Kepala BKKBN ini menilai, sperma akan segera mati dan tak bisa bergerak aktif kalau tak berada di medianya. "Air bukan media bagi sperma dan dalam beberapa menit akan mati dan tidak available lagi," ungkap Hasto kepada wartawan saat dihubungi, Minggu, 23 Februari.

Ilustrasi (Pixabay)

Permintaan maaf Sitti tak didengar warganet. Warganet malah bikin tagar #PecatSittiHikmawaty di media sosial Twitter. Mereka ingin Sitti dipecat dari jabatannya.

Soal desakan pemecatan untuk Sitti, Wakil Ketua Komisi VIII DPR RI Ace Hasan Syadzily menerangkan, tak bisa langsung dilakukan. Sebab, ada mekanisme dan aturan yang mesti dijalankan.

"Soal pemberhentian tentu harus dikembalikan kepada perundang-undangan yang berlaku," ungkap Ace kepada VOI lewat pesan singkat, Senin, 24 Februari.

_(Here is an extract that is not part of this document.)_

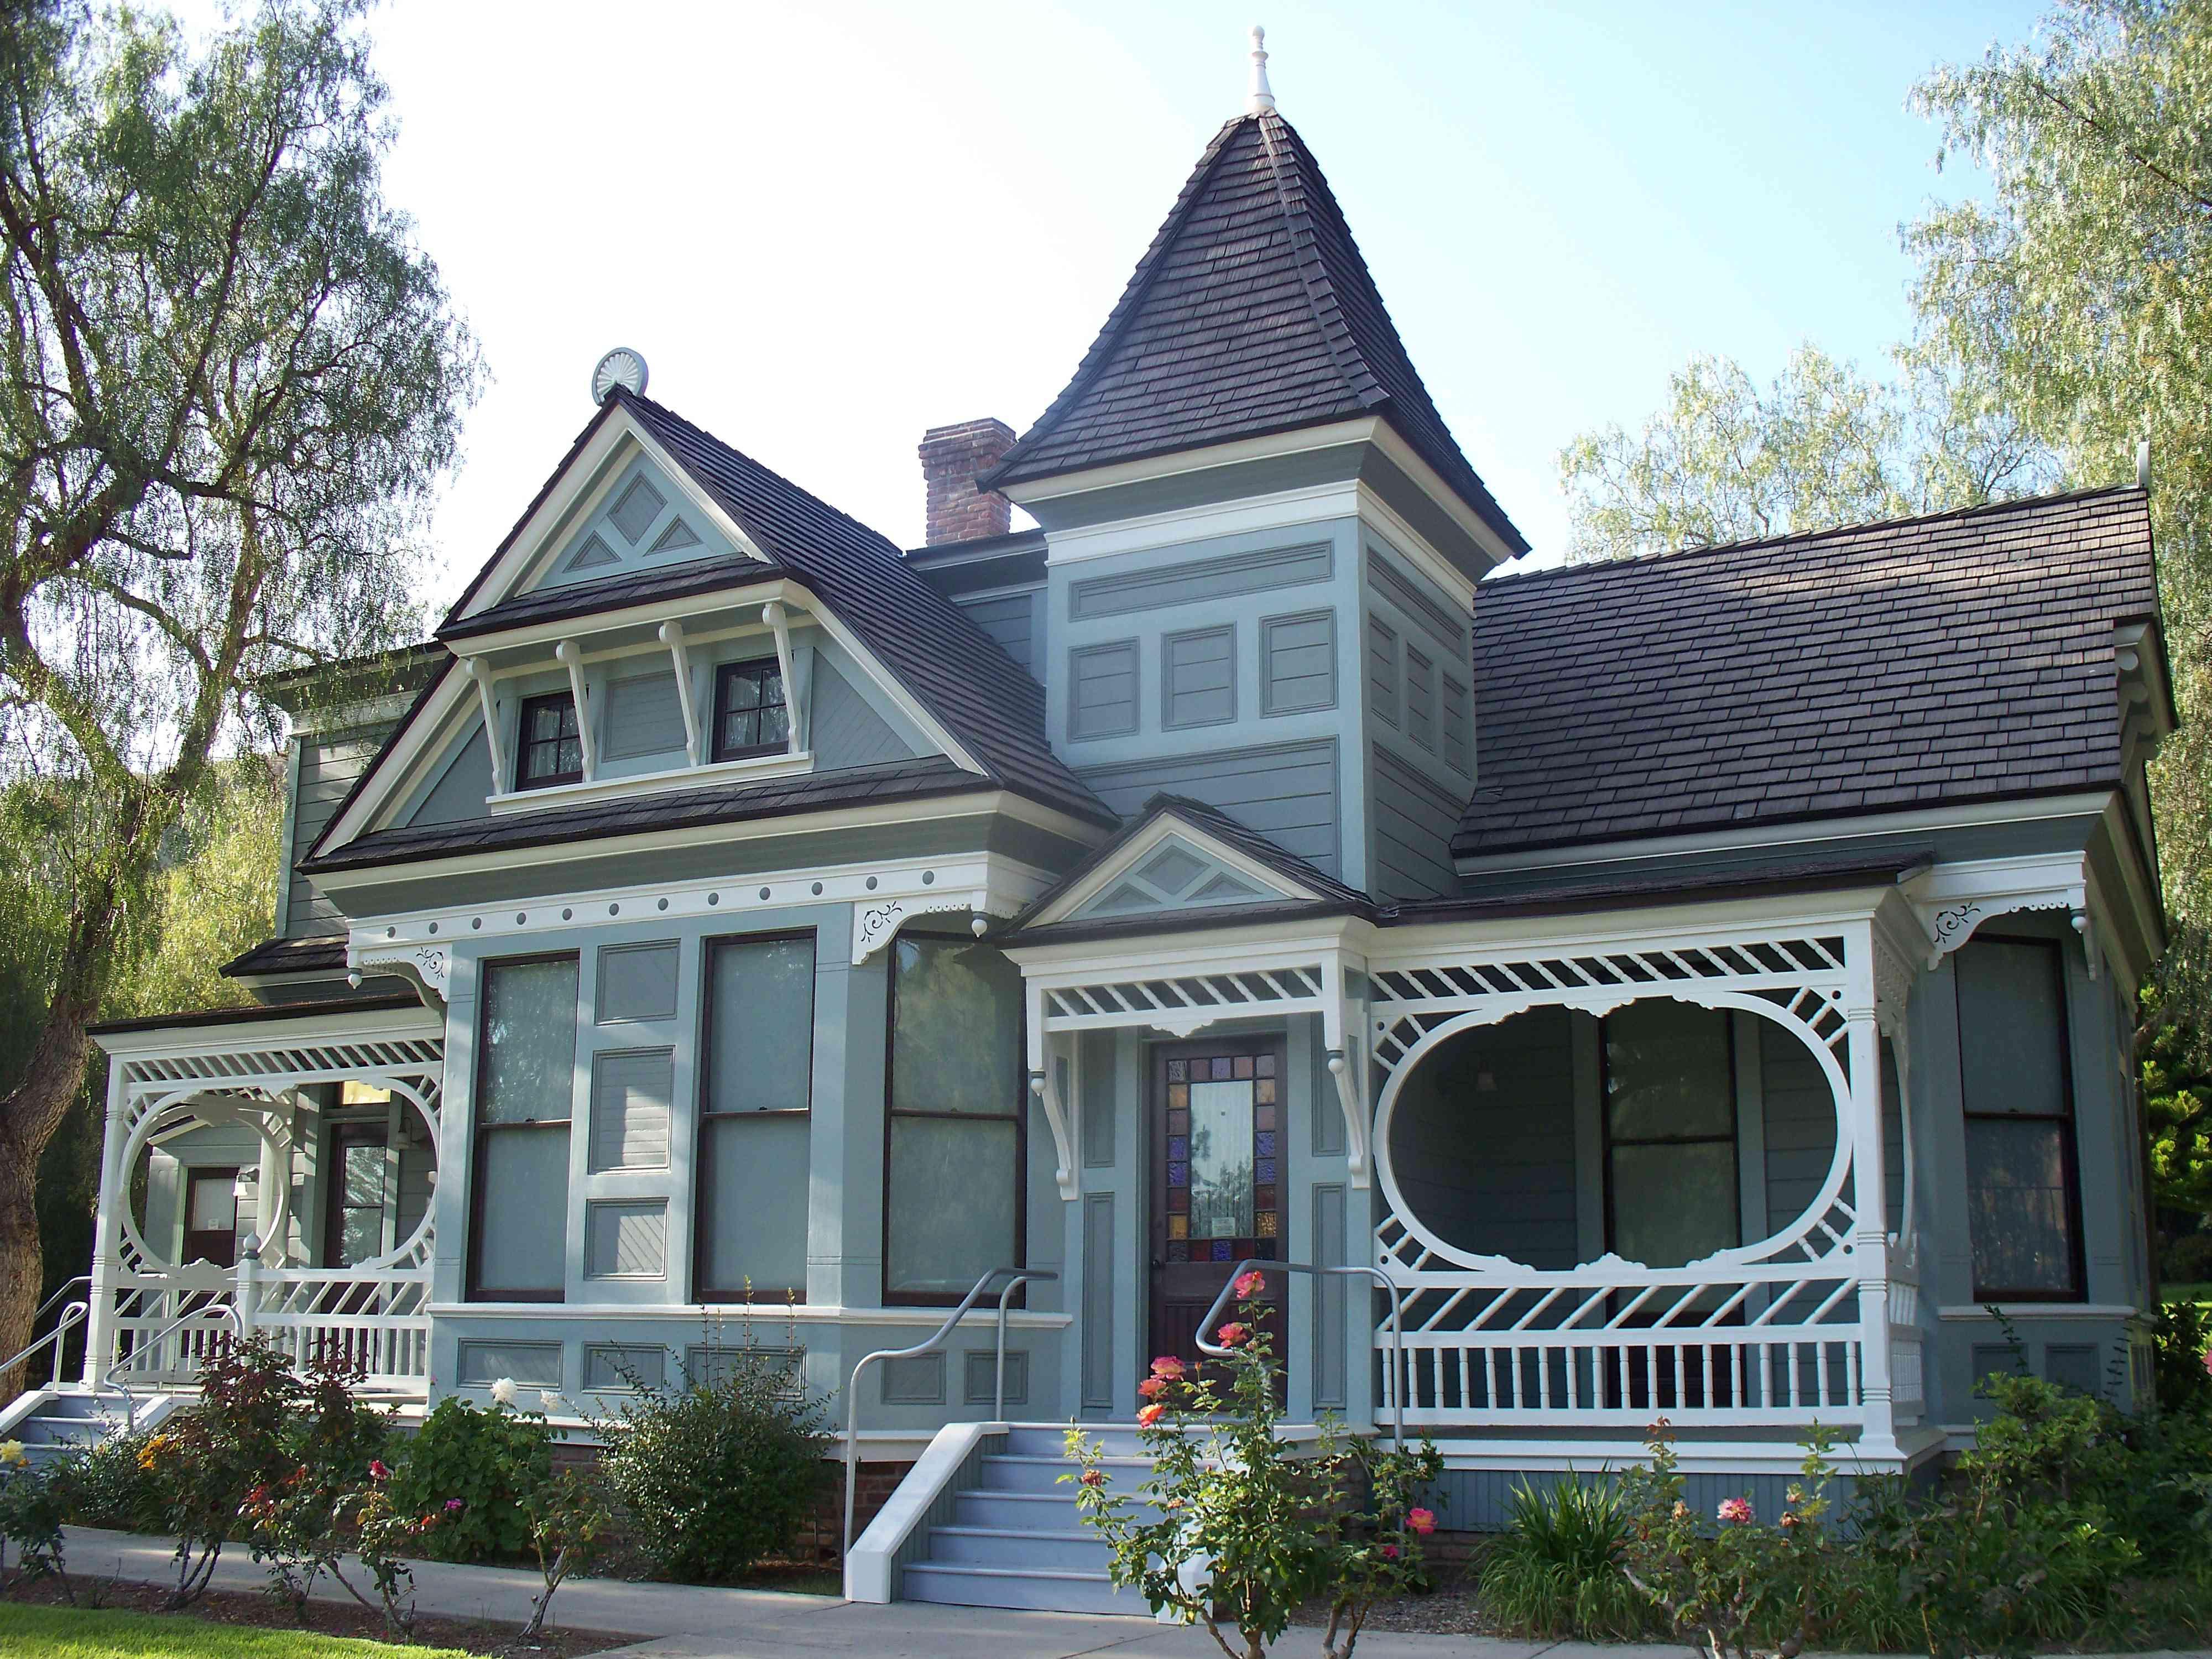 Eastlake style home

Selain itu, Ace juga prihatin soal pengetahuan yang dimiliki oleh Sitti. Pernyataan Sitti bisa dinilai sebagai ketidakpahamannya terhadap alat reproduksi.

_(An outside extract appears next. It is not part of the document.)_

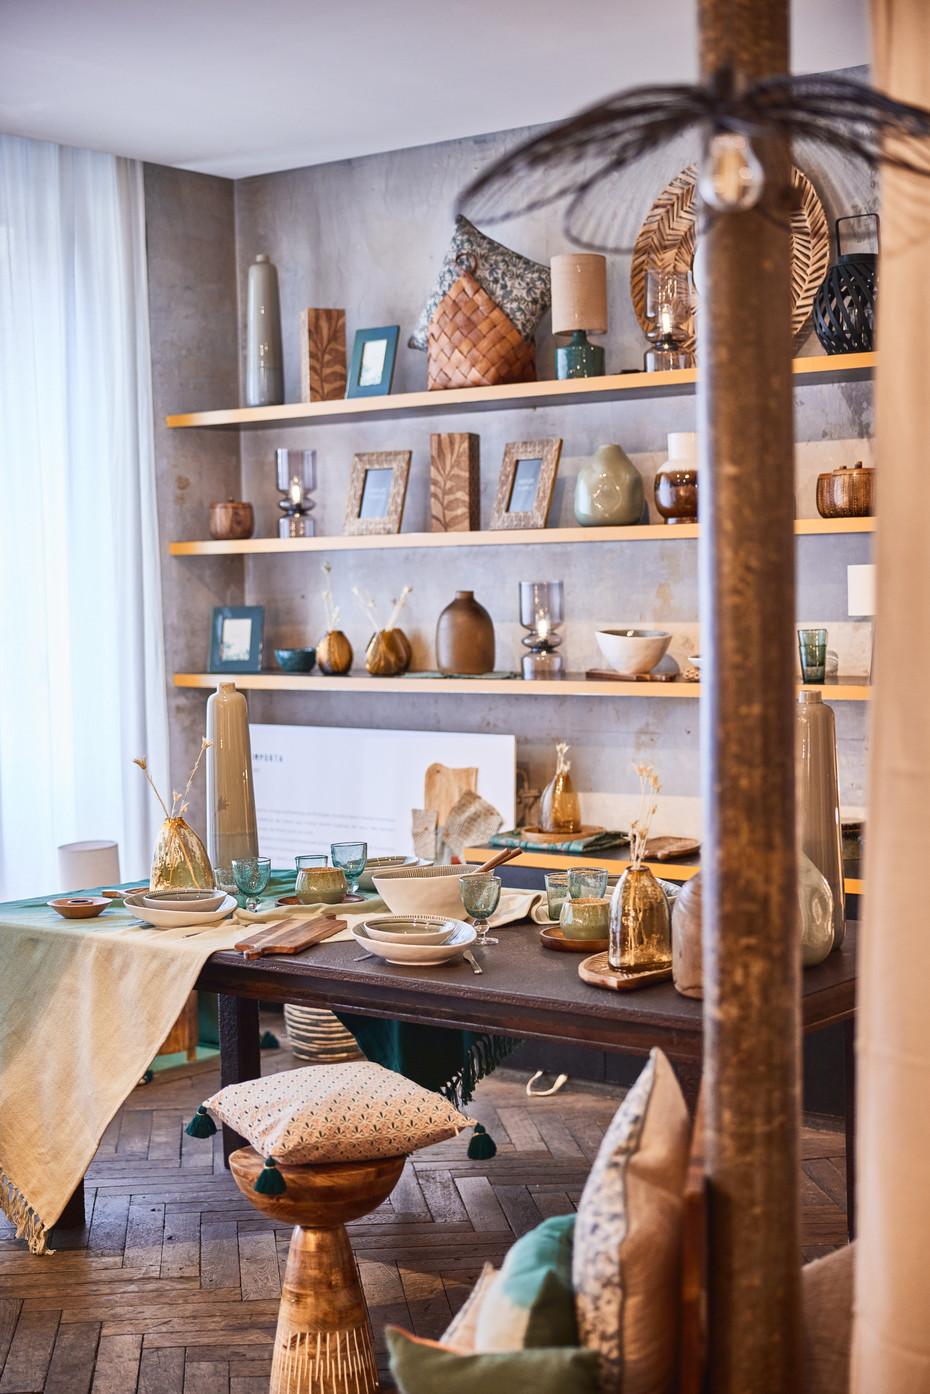 Aménagement de six corners pour la présentation de la nouvelle collection d'objet de décoration Maison du Monde. Chaque corner fait écho à une ville internationale qui se démarque par son histoire et son artisanat.

Pernyataan yang keluar dari mulut Sitti ini, dinilai Direktur Eksekutif Voxpol Center Research and Consulting, Pangi Syarwi Chaniago sebagai bentuk pejabat yang gampang termakan hoaks. Pejabat yang seperti ini, biasanya malas mengecek kembali informasi yang diterima sebelum menyampaikan kembali kepada publik.

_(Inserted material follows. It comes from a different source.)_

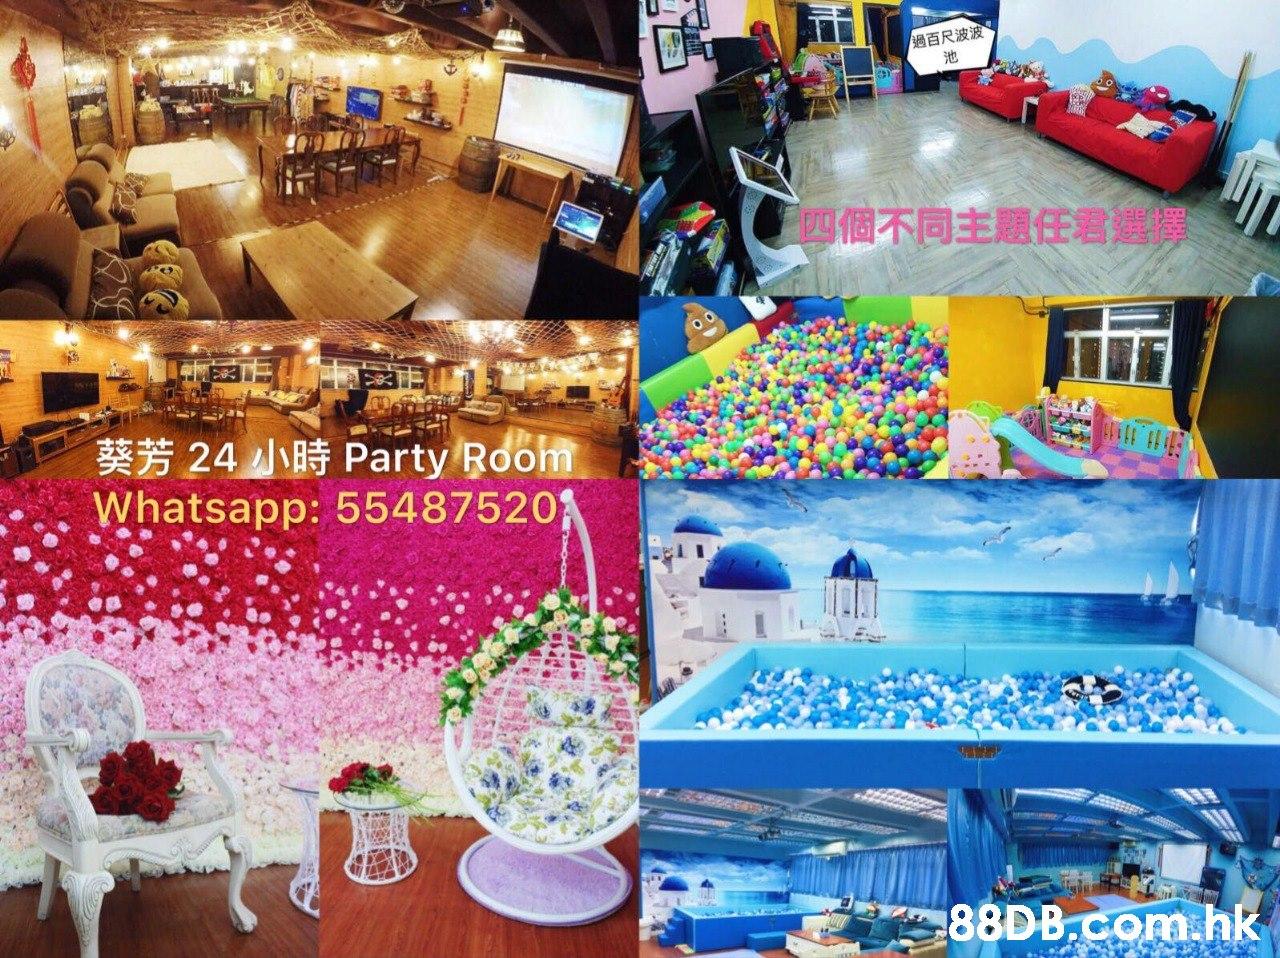 過百尺波波 池 四個不同主題任君選擇 葵芳24 小時Party Room Whatsapp: 55487520 .hk  Balloon,Font,Textile,Toy,

"Pejabat kita juga mudah termakan isu hoaks. Mereka sama saja dengan yang tidak berpendidikan dan ini masalah kita semua, tanpa cross check apabila mau berkomentar atau berbicara, mungkin bisa saja karena elite pejabat kita malas membaca jadi salah satu penyebabnya," kata Pangi ketika dihubungi.

Selain itu, Pangi menilai pejabat saat ini, kecenderungannya tak punya beban ketika salah menyebarkan informasi dan menganggap permintaan maaf kepada publik saja sudah cukup. Buktinya, Sitti hanya meminta maaf lewat keterangan tertulis.

Karenanya, Pangi mengingatkan Presiden Joko Widodo menertibkan pejabat publik dan menterinya agar kejadian semacam ini tak perlu lagi terjadi. Sebab, semakin sering pejabat publik menyampaikan informasi yang sembarangan akan menimbulkan ketidakpercayaan.

"Jangan buat kegaduhan dan polemik dong yang membuat distrust terhadap pejabat pemerintah dan elite. Sudahi yang berkomentar memantik polemik, pro kontra dan kegaduhan yang membuat panggung opini publik menjadi bising," tutupnya.